What I did for now, and it's still work in progress:

I added some higher-level abstractions and some restructuring to match the original example (still need some refactoring).
I used the QuadratureValuesIterator and edited the StaticCellValue object to be compatible with the GPU.

This still work in progress and as my discussion with @termi-official last week I still need to work on the assembler, coloring algorthim.

Some problems I have encountered that might be so straightforward to tackle:

Grid object contains Dict type which is not GPU compatible.

termi-official · 2024-05-23T19:29:05Z

Great to see some quick progress here!

Some problems I have encountered that might be so straightforward to tackle:
1. `Grid` object contains `Dict` type which is not GPU compatible.

I think that is straight forward to solve.
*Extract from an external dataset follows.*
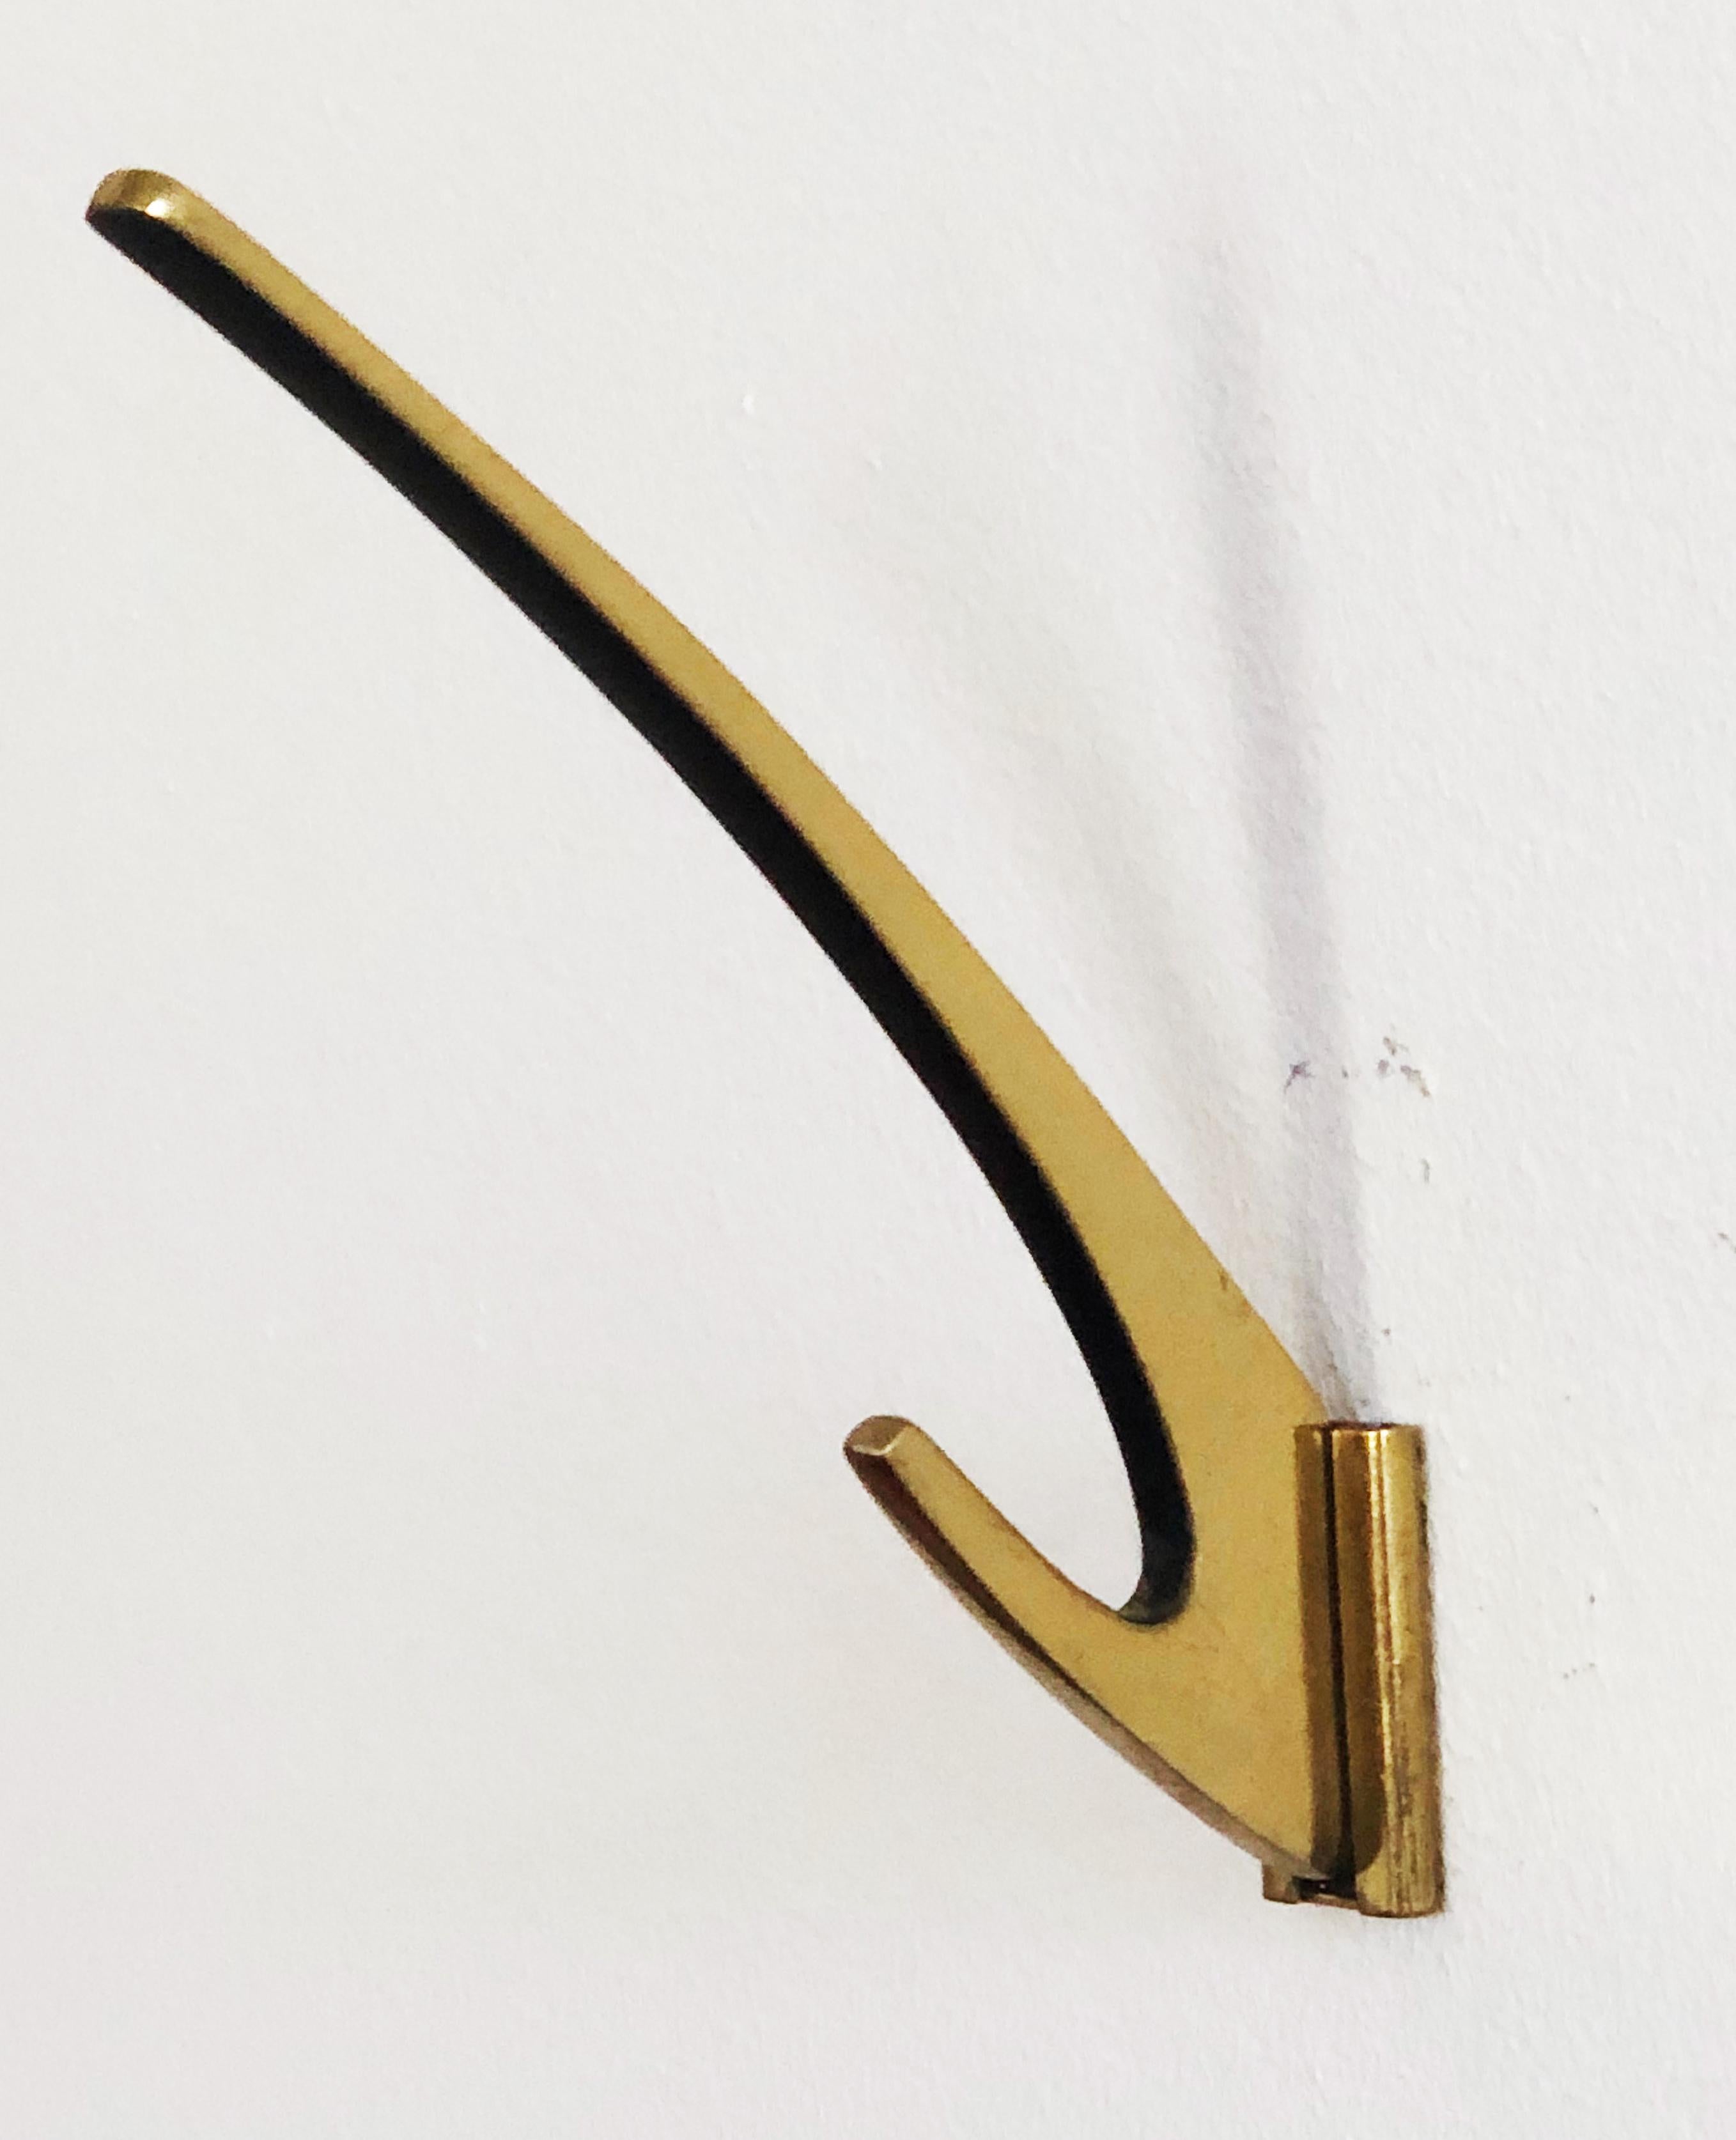 Brass hooks manufactured by Hertha Baller in Austria in the 1950s.
2 available.

We never really need the Dicts directly during assembly. We should be able to get away by just convert the Vectors (once) to GPUVectors and run the assembly with these. This might require 2 structs. One holding the full information (e.g. GPUGrid) and one which we use in the kernels (e.g. GPUGridView). Maybe the latter could be something like

struct GPUGridView{TEA, TNA, TSA <: Union{Nothing, <:AbstractVector{Int}, <: AbstractVector{FaceIndex}, ..., TCA} <: AbstractGrid (?)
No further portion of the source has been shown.